Return the listing verbatim, images left out.

STORED DATA:
________________________________________

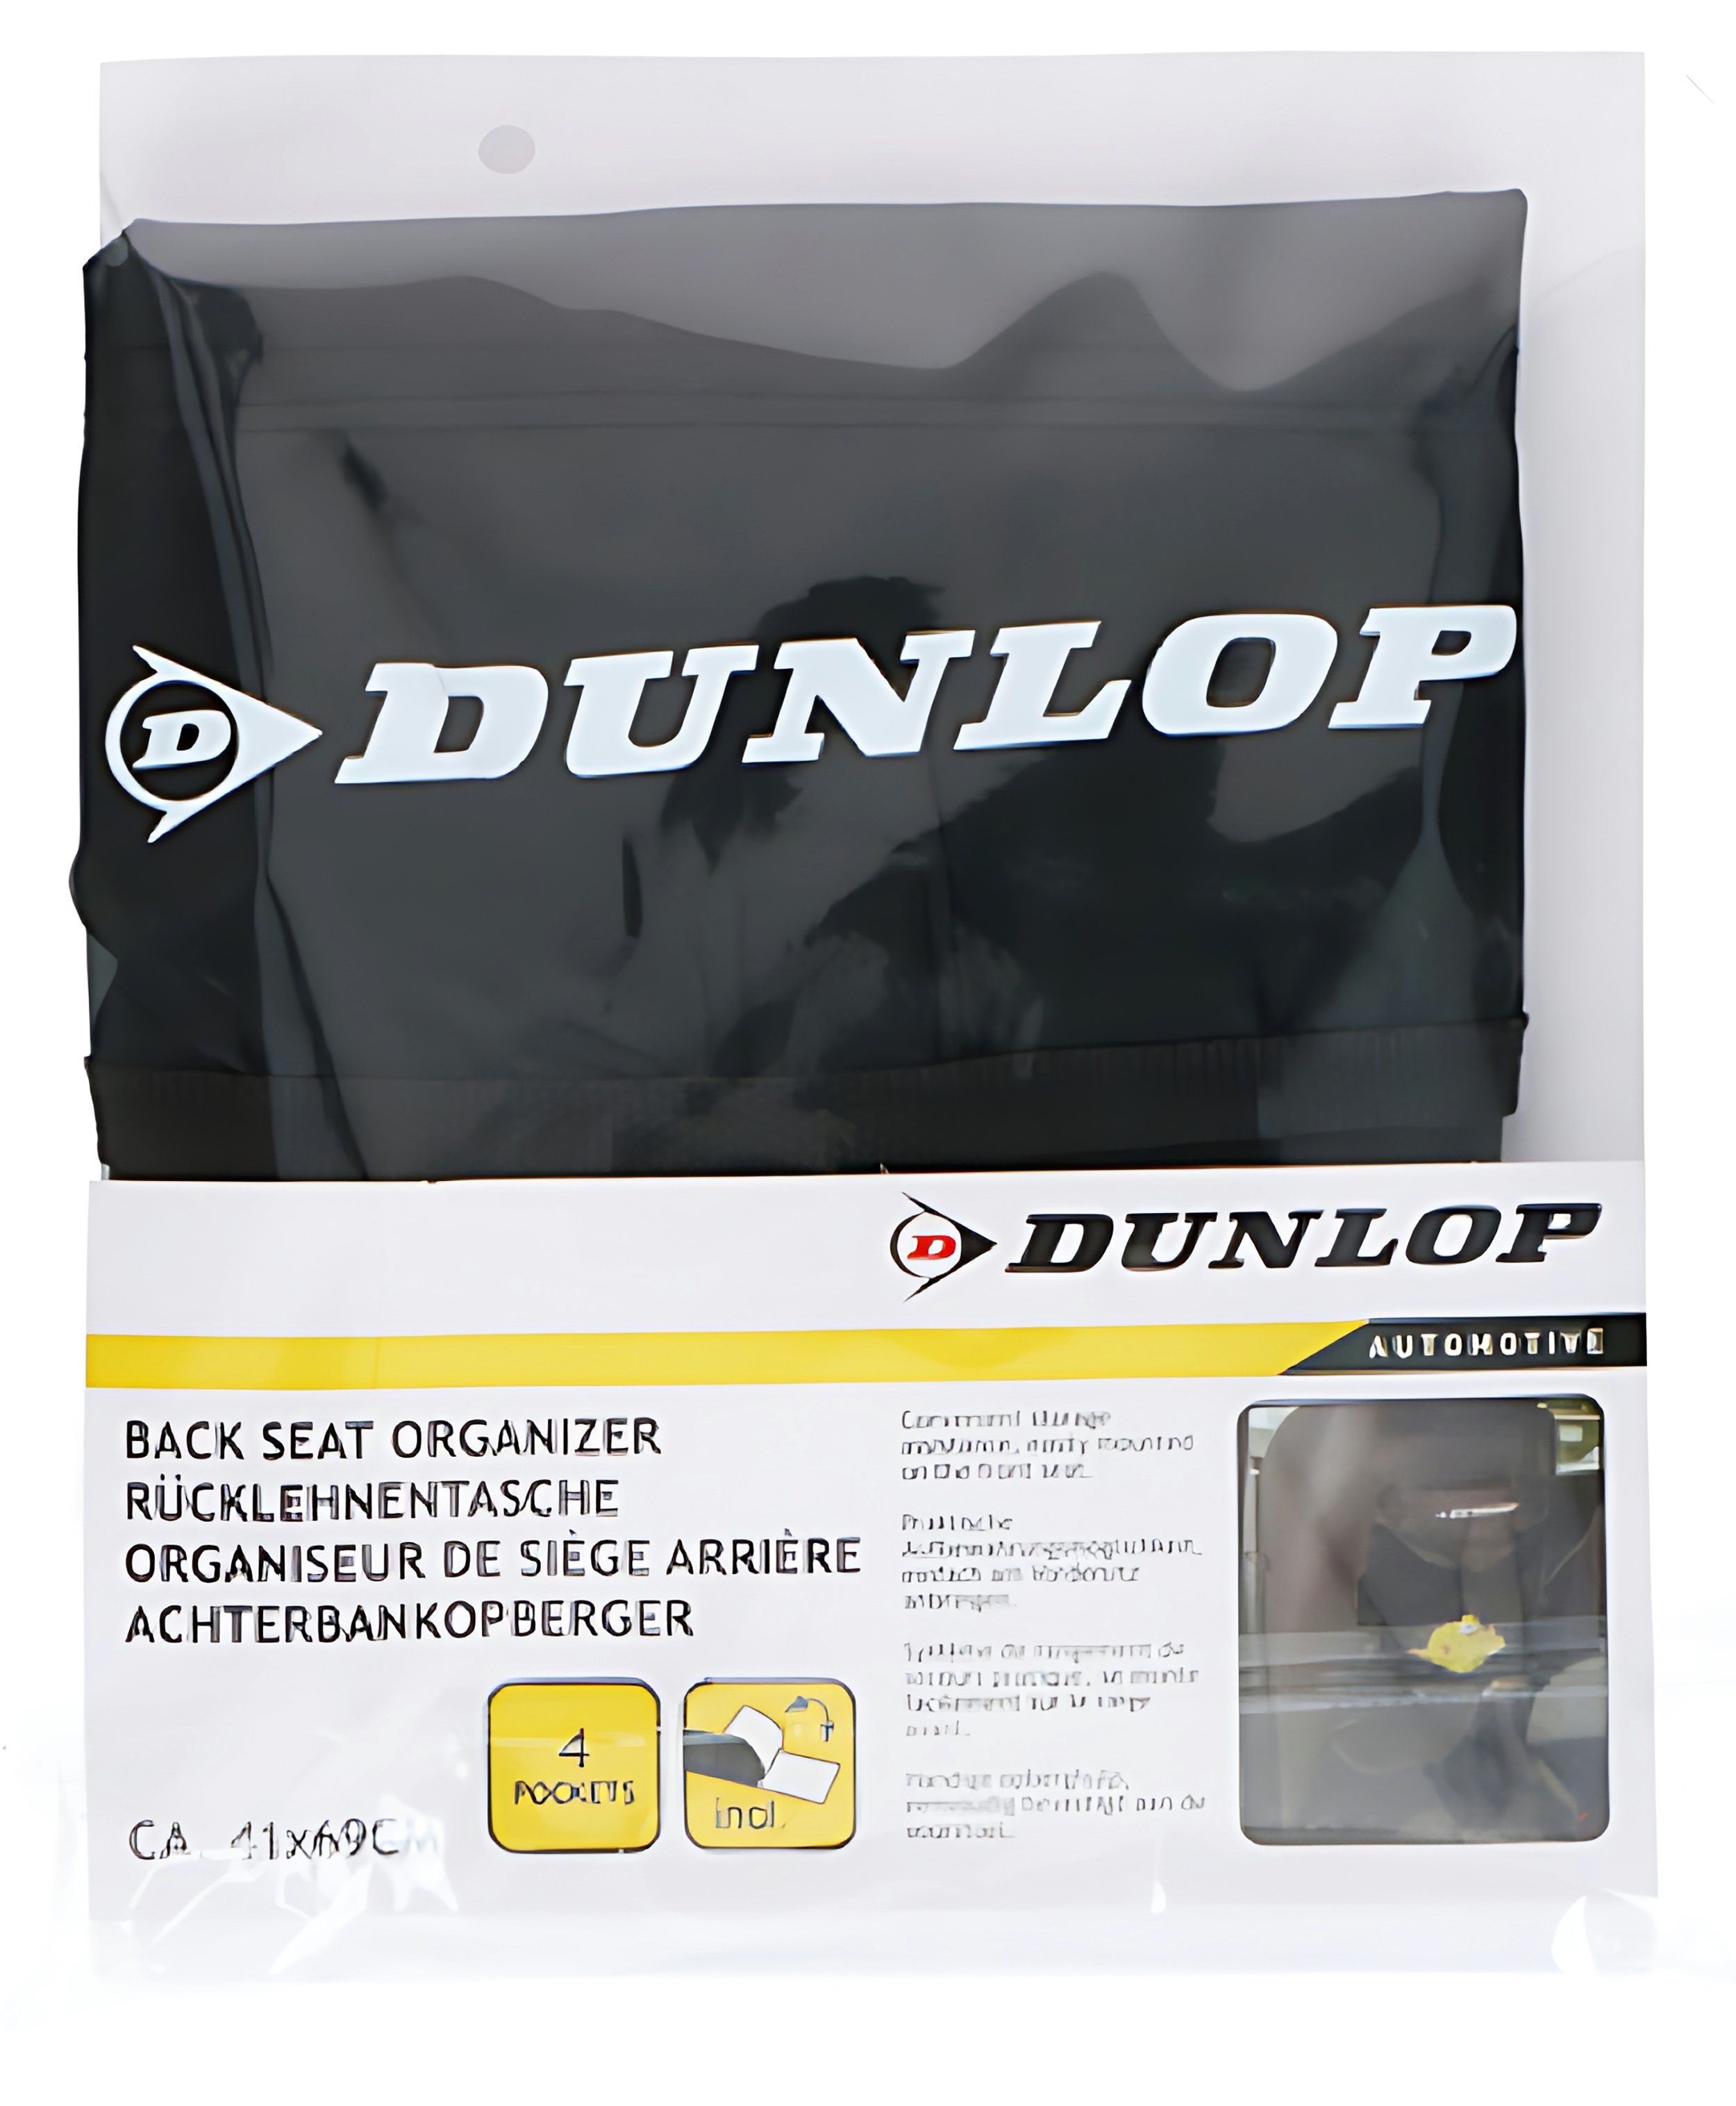 Dunlop Rücksitzorganizer RÜCKLEHNENTASCHE Rückenlehnenschutz Veranstalter Rücksitz Schwarz Auto 41x69cm für 13, Organizer Schutz Rücksitztasche Rücklehne Autositz
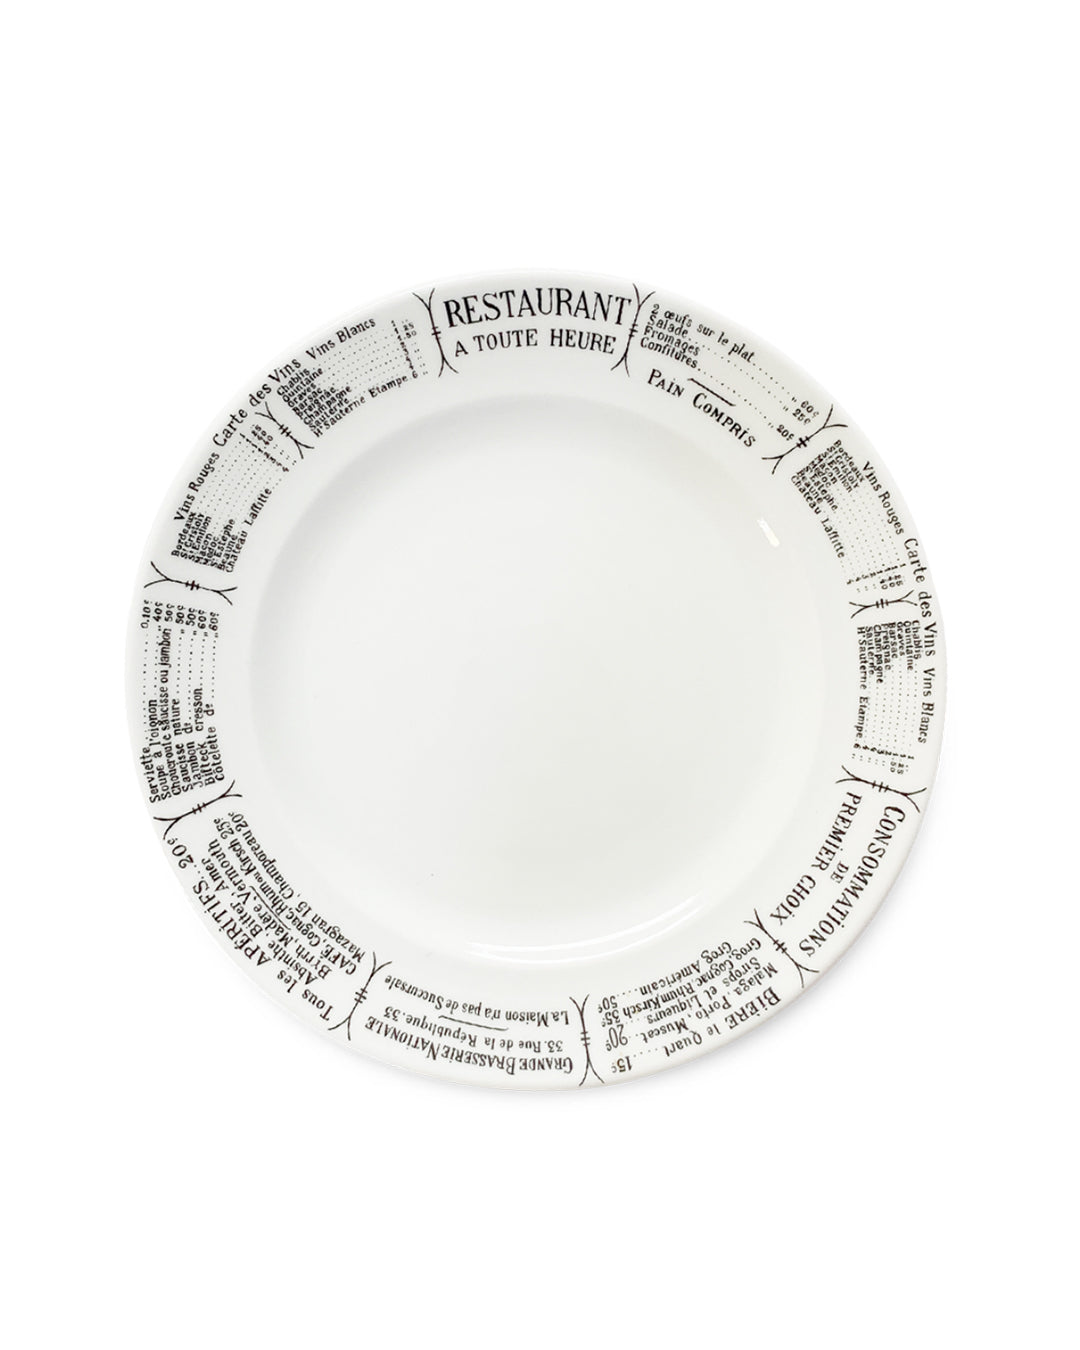 Pillivuyt Brasserie Plate
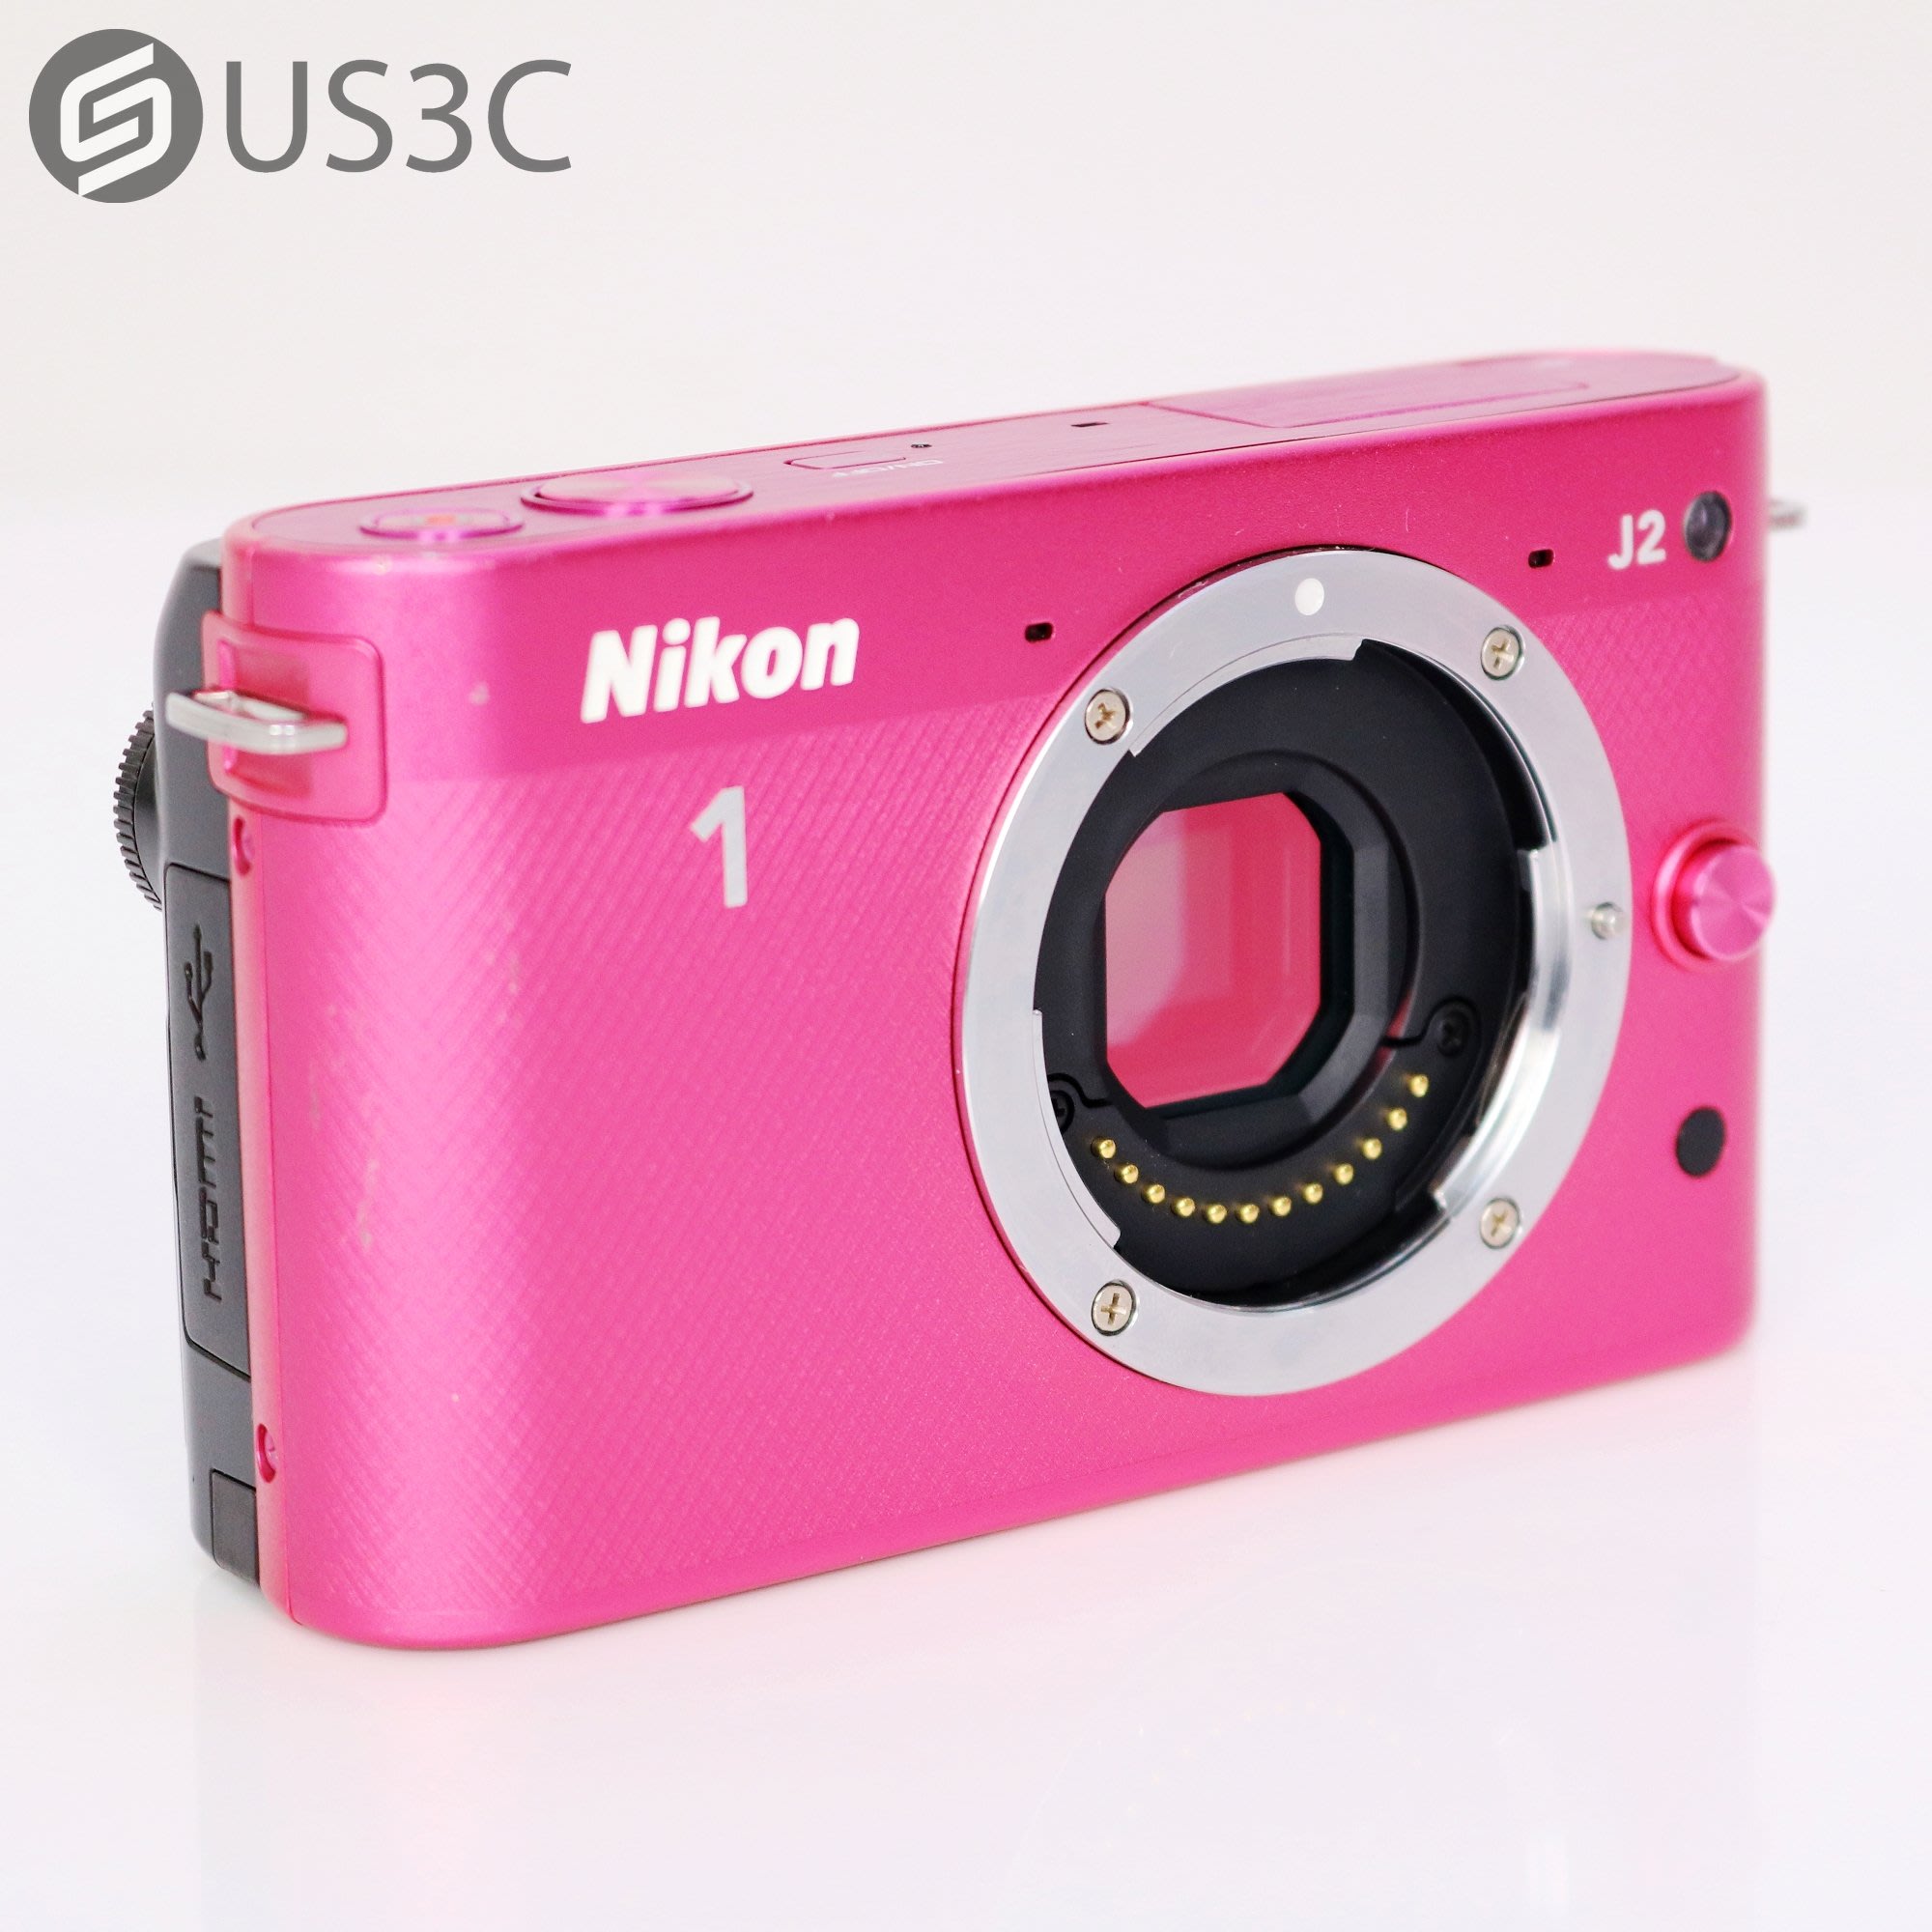 【US3C-高雄店】尼康 Nikon 1 J2 + Nikon 1 VR 10-30mm F3.5-5.6 1200萬像素 高速自動對焦 微單眼  二手相機

________________________________________

ANSWER BELOW:
 Dunlop Rücksitzorganizer RÜCKLEHNENTASCHE Rückenlehnenschutz Veranstalter Rücksitz Schwarz Auto 41x69cm für 13, Organizer Schutz Rücksitztasche Rücklehne Autositz
 Pillivuyt Brasserie Plate
 【US3C-高雄店】尼康 Nikon 1 J2 + Nikon 1 VR 10-30mm F3.5-5.6 1200萬像素 高速自動對焦 微單眼  二手相機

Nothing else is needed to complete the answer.